AADC achieves 360-3,300× speedup over bump & revalue for computing all 535 CVA/DVA sensitivities. For 200 trades, AADC computes all sensitivities in ~0.88 seconds vs ~18.6 hours for bump & revalue. The speedup scales with the number of risk factors because AADC cost is O(M) while bump & revalue is O(N × M).

How much cloud cost can AADC save for XVA computation?

At production scale (500,000 IR swaps, 50K MC paths, 535 risk factors), AADC reduces annual cloud spend from ~$11.7M to ~$4,800 — a 2,438× cost reduction. AADC needs 7 c5.9xlarge nodes to complete within a 4-hour batch window, compared to ~21,100 nodes for bump & revalue.

How accurate are AADC sensitivities compared to bump & revalue?

AADC produces mathematically exact derivatives to machine precision (<1e-14 error vs primal). Bump & revalue achieves approximately 6 digits of accuracy and is sensitive to bump-size selection. AADC eliminates subtractive cancellation errors inherent in finite-difference methods.

What is the integration effort to switch from bump & revalue to AADC?

AADC is a drop-in replacement: change 'double' to 'aadc::idouble' in the valuation path. No business logic changes are required. Integration steps: replace types, record tape with startRecording()/stopRecording(), mark inputs/outputs, then call forward()+reverse() for all sensitivities.

Does AADC need to recompile when market data changes?

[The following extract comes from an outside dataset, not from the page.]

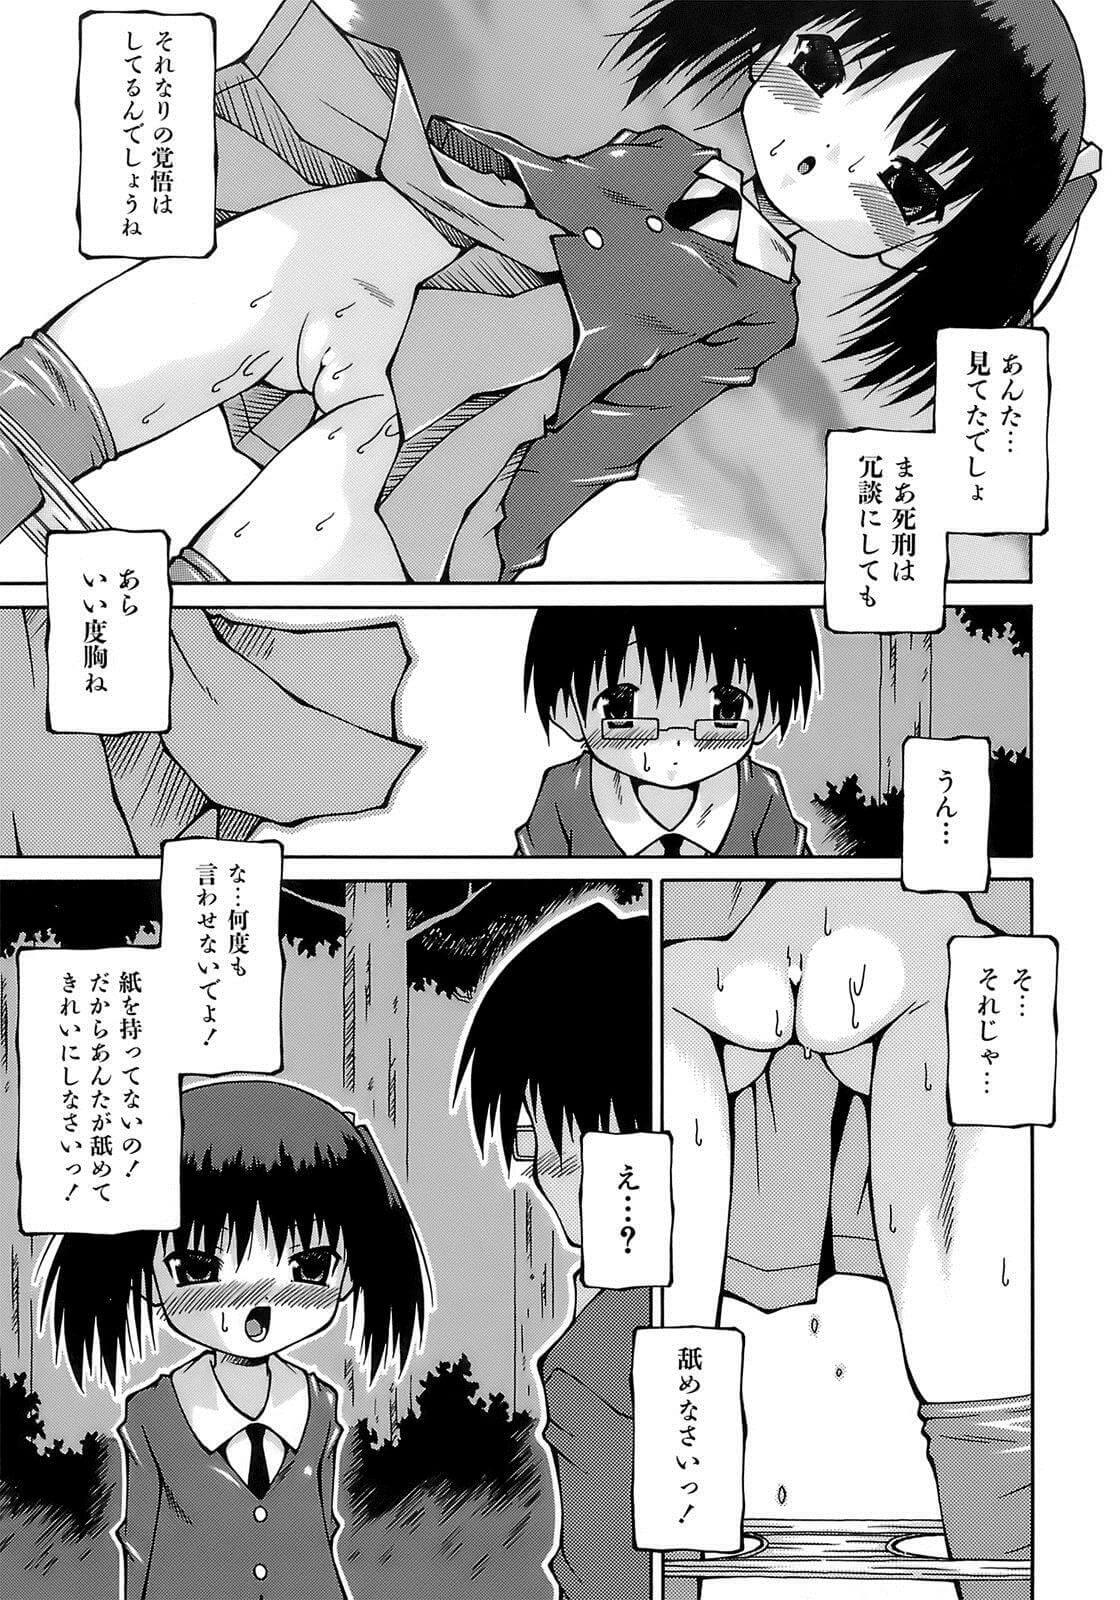 【エロ漫画】JCのツンデレ委員長が帰りにおしっこしたくなってチラ見してたら舐めさせられて…!【無料 エロ同人】 (9)

No. When only market data changes (rate curves, survival probabilities), AADC reuses the compiled kernel with zero compilation overhead. For 50 trades at 10K paths, warm run time drops from 18.2s (cold start) to 13.9s. Only structural changes (new trade types) require recompilation.

What risk factors are included in this XVA benchmark?

The benchmark computes sensitivities to 535 risk factors: r0 (Hull-White initial rate), sigma (volatility), 251 mean-reversion curve points (50yr horizon, 0.2yr step), 141 counterparty survival curve points, and 141 company survival curve points (14,000-day horizon, 100-day step).

How does AADC XVA performance scale with portfolio size?

AADC evaluation time scales linearly with portfolio size: 0.024s for 5 trades, ~0.20s for 50 trades, ~0.88s for 200 trades. Kernel compilation is a one-time cost (0.77s to 8.1s) amortized across all subsequent evaluations. Relative performance improves with size: from 18.75% at 5 trades to 0.70% at 200 trades.

What production workflows does AADC XVA support?

AADC supports three main XVA workflows: (A) End-of-day full risk reports computing all 535 sensitivities at ~2× primal cost + compilation, (B) Intraday market data updates with kernel reuse (no recompilation), and (C) New trade additions requiring only recompile + evaluation.